No filme entram algumas das pessoas que têm dado a cara contra o projeto da Savannah Resources, como a presidente da Comunidade Local dos Baldios de Covas do Barroso, Aida Fernandes, Maria Loureiro e Carlos Libo, que interpreta músicas de protesto.
“É um bocado difícil de acreditar que o cinema pode mudar alguma coisa, mas pelo menos que dê visibilidade e que faça com que se fale sobre o que se está a passar, que dê voz ao que acontece neste momento no terreno”, aponta à Lusa, ele que irá pessoalmente a Cannes, acompanhado de alguns dos habitantes de Covas do Barroso.
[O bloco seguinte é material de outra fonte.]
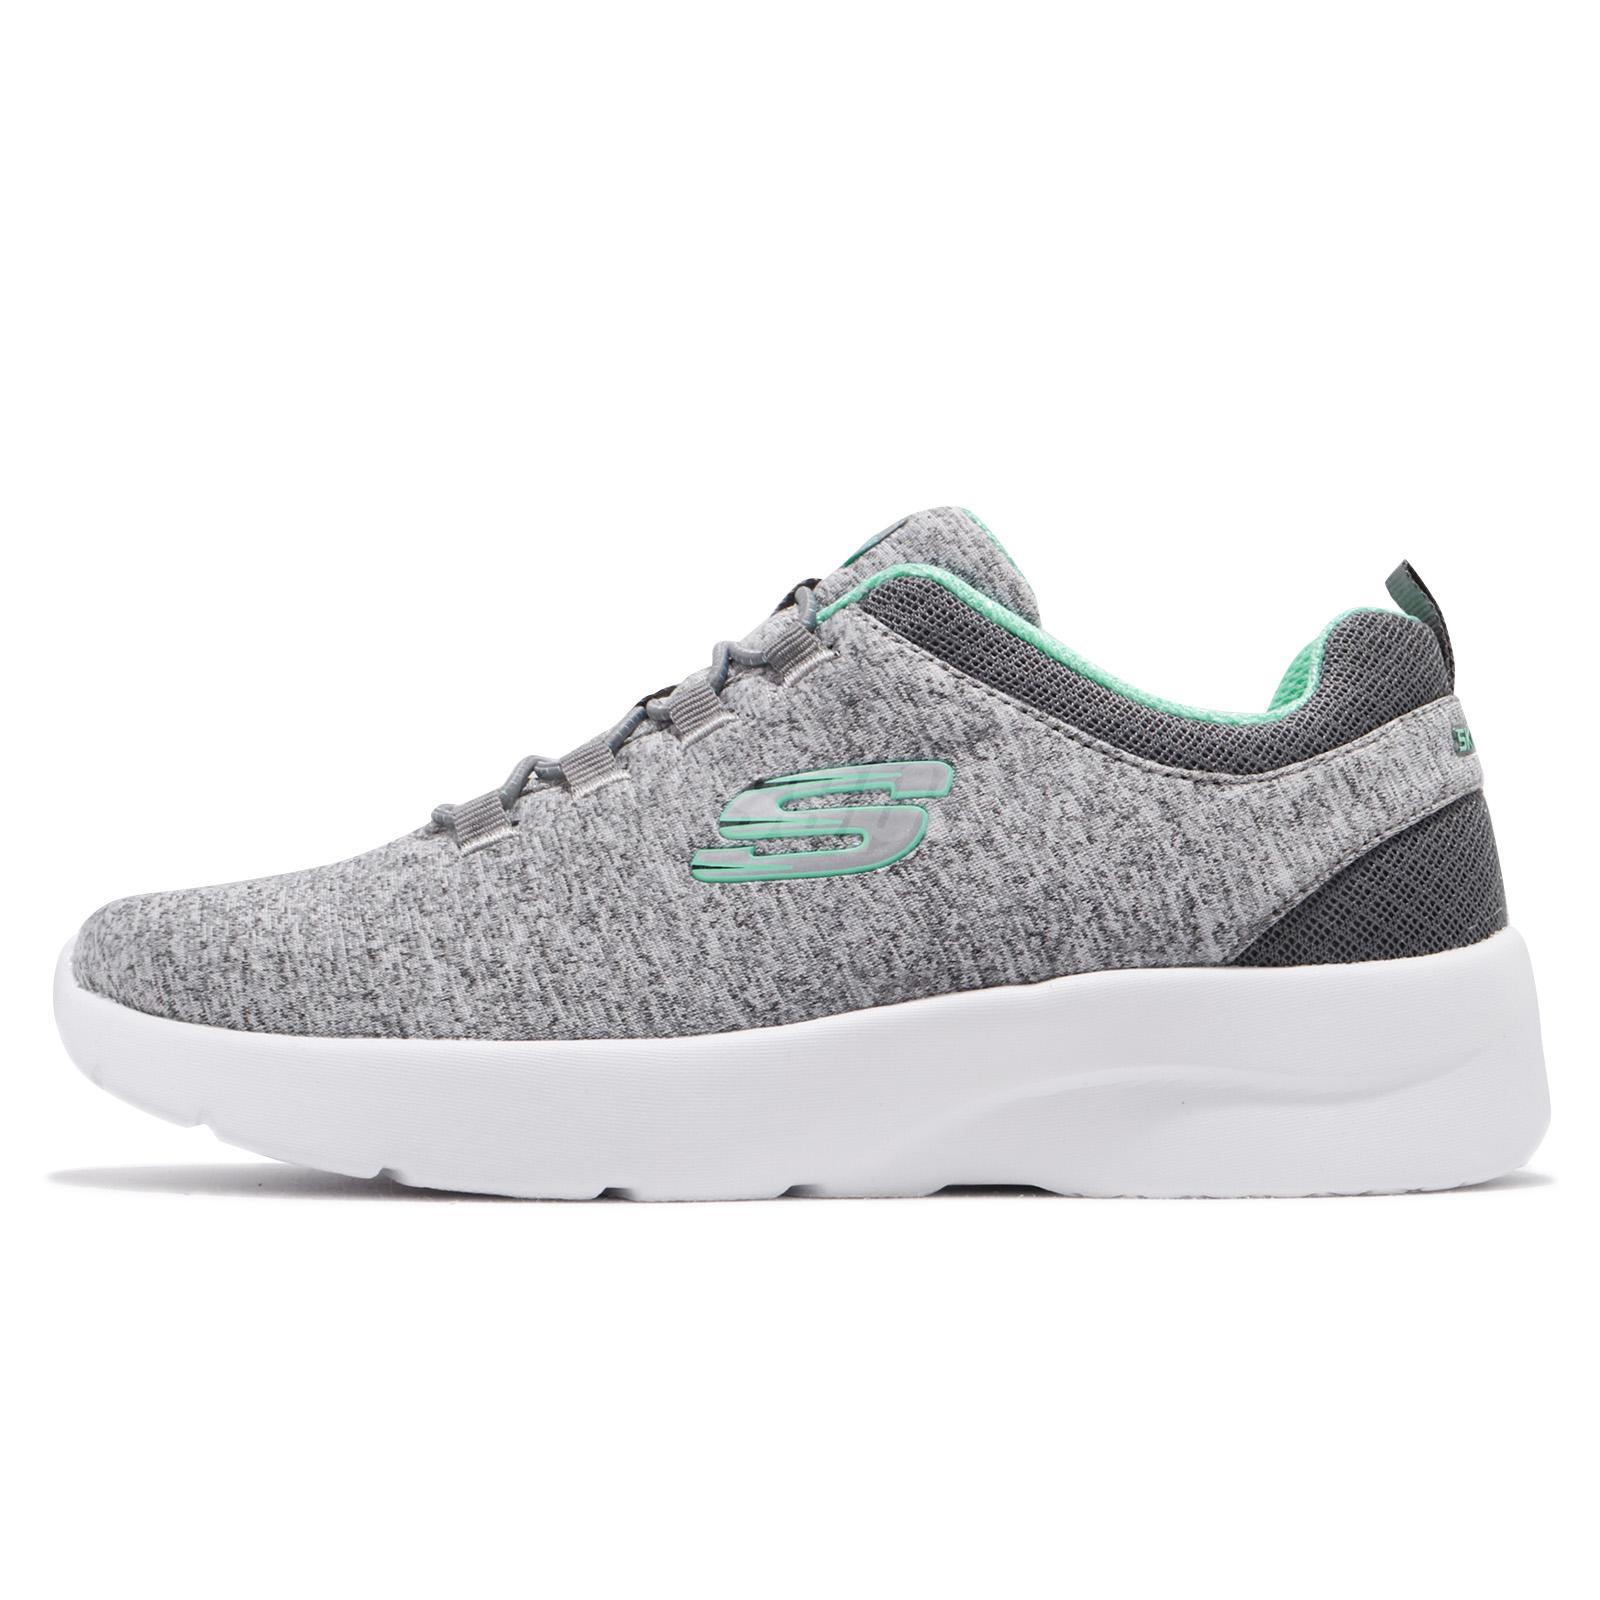 6351818f2f3ff Skechers Dynamight 2.0-In A Flash Grey Mint White Women Running Shoes  12965-GYMN

“Covas do Barroso é uma aldeia vizinha de Bostofrio, onde nasceu o meu pai e onde fiz o meu primeiro filme, ‘Bostofrio, où le ciel rejoint la terre’. Esta proximidade geográfica e afetiva levou a que, desde 2018, me mantivesse atento às notícias acerca de negócios pouco claros com vista ao eventual desenvolvimento de uma exploração mineira na região, por parte da Savannah Resources. Foi sobretudo pelo povo e pelas atividades ancestrais que florescem em Covas do Barroso que decidi juntar-me à luta pela defesa deste modo de vida. O cinema tem uma responsabilidade de envolvimento a que não posso fugir. Nos meus filmes, procuro estar ao lado das pessoas, sem me reger por políticas económicas ou especulatórias de quem não conhece ou vive o território”, aponta o realizador.
“A Savana e a Montanha” tem estreia na “Quinzena de Cineastas, que decorrerá de 15 a 25 de maio”, em Cannes, onde serão feitos contactos para a sua distribuição internacional, enquanto se planeia também a exibição em Portugal, numa primeira apresentação em Covas do Barroso, para a população local, ainda sem data anunciada.
A presença de “A Savana e a Montanha” no Festival de Cannes acentua, assim, a relevância do cinema como meio de amplificação de questões sociais e ambientais, permitindo ainda dar visibilidade internacional a lutas nacionais.